Overall Security Effectiveness ranged from 23.2% to 99.9%.
AUSTIN, Texas – July 6, 2016 NSS Labs, the world’s leading information security research and advisory company, today released its Data Center Intrusion Prevention System (DCIPS) Security Value Map™ (SVM) and Comparative Report™ series, evaluating the six leading DCIPS solutions for security effectiveness, performance, and total cost of ownership (TCO).
Test highlights include:
- 5 of 6 products achieved a Recommended rating; 1 product received a Caution rating.
- Overall Security Effectiveness ranged from 23.2% to 99.9%.
- Four of six products received a lower tested throughput rating than their stated performance claims. However, one vendor achieved approximately 99% higher performance than claimed.
- Average Total Cost of Ownership (TCO) per protected megabit per second was US$38, with individual vendor TCO ranging from US$7 to US$138.

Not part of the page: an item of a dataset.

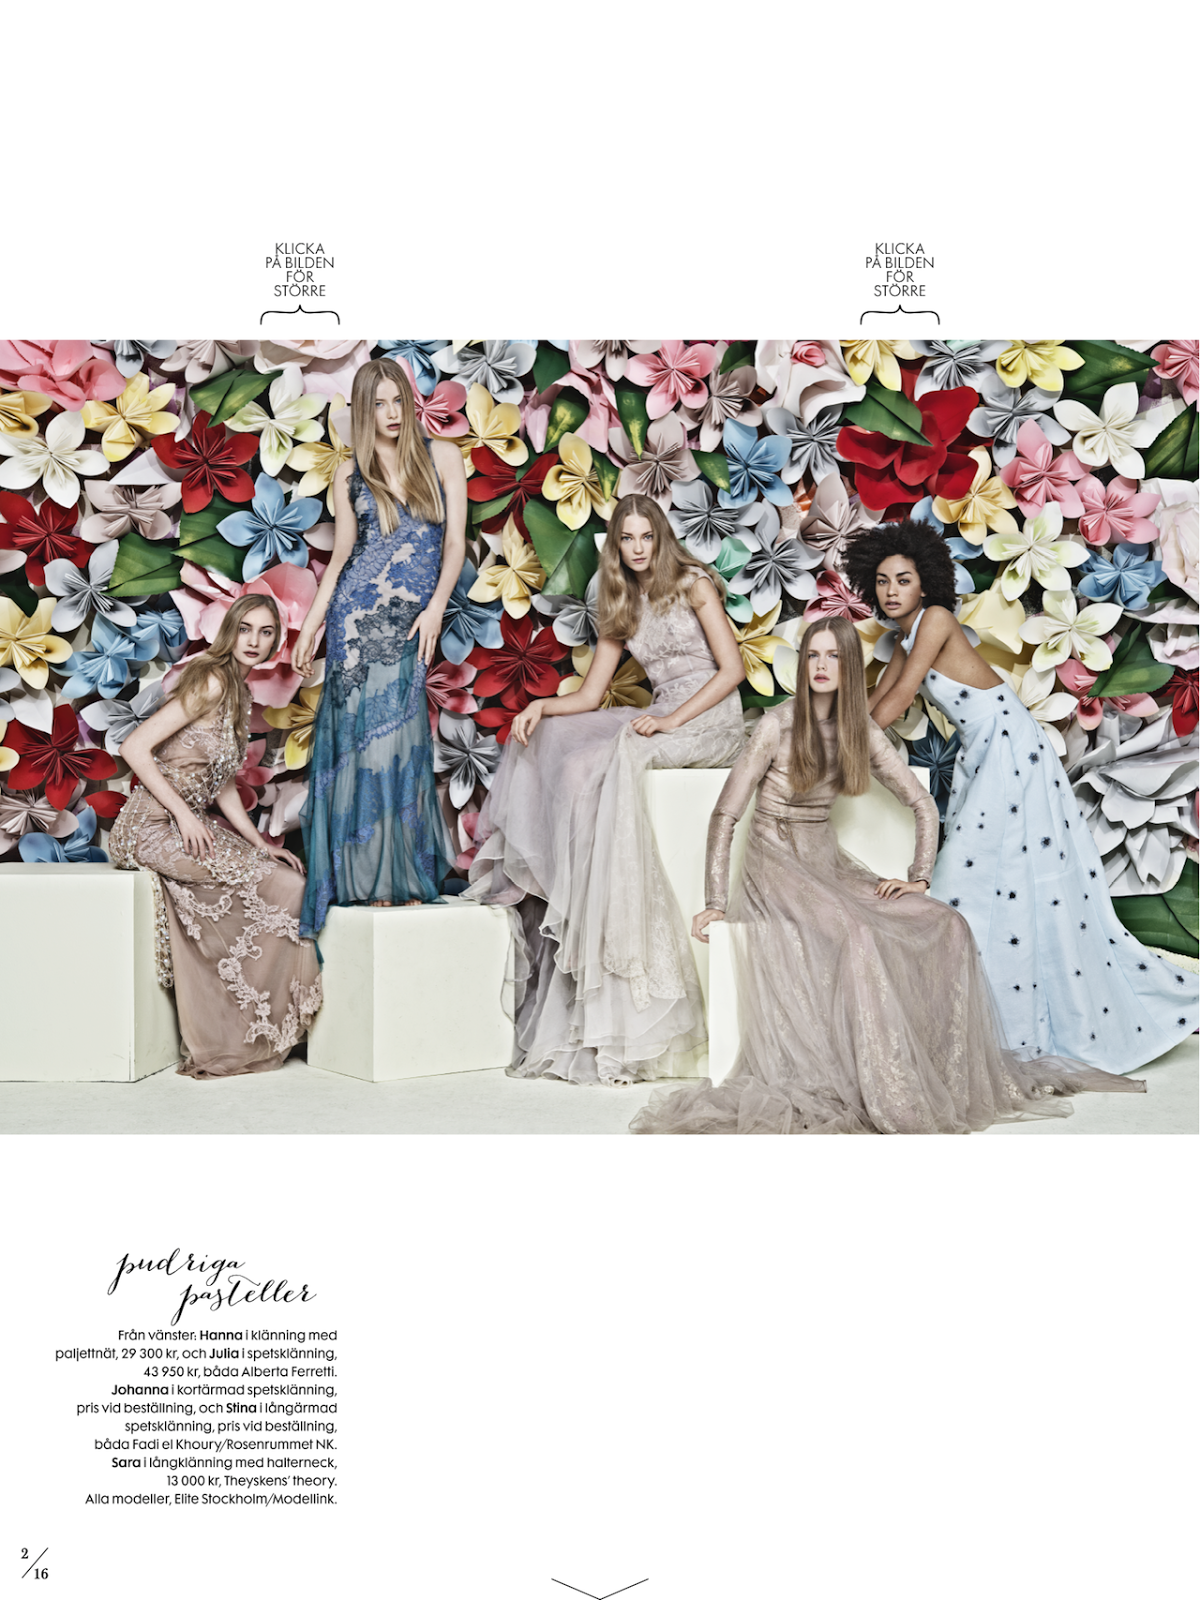 #HannaRundlof #JuliaGreslingaas #JohannaJonsson #StinaRappWastenson & #SaraJohnsonby #CarlBengtsson for #ElleSweden February 2013

This is the first year NSS conducted research into ‘street prices’, capturing vendor discounts in competitive bid situations. Solution discounts ranged from 6% to 60%, while hardware-only discounts ranged from 6% to 65%.
Performance, security, and stability are extremely important for any device in the datacenter. From a business perspective, a compromise in a data center can lead to substantial monetary and intellectual property losses. A DCIPS is designed to be highly tunable to ensure high security, performance and availability are achieved. A DCIPS failure can severely impact the performance and security of a datacenter.
The Hewlett Packard Enterprise (HPE) TippingPoint 7500NX v18.104.22.16852 received a Caution rating due to the device failing a state management test when the device load exceeded 10% capacity. In addition, it failed to protect against an IP Fragmentation / MSRPC Fragmentation evasion.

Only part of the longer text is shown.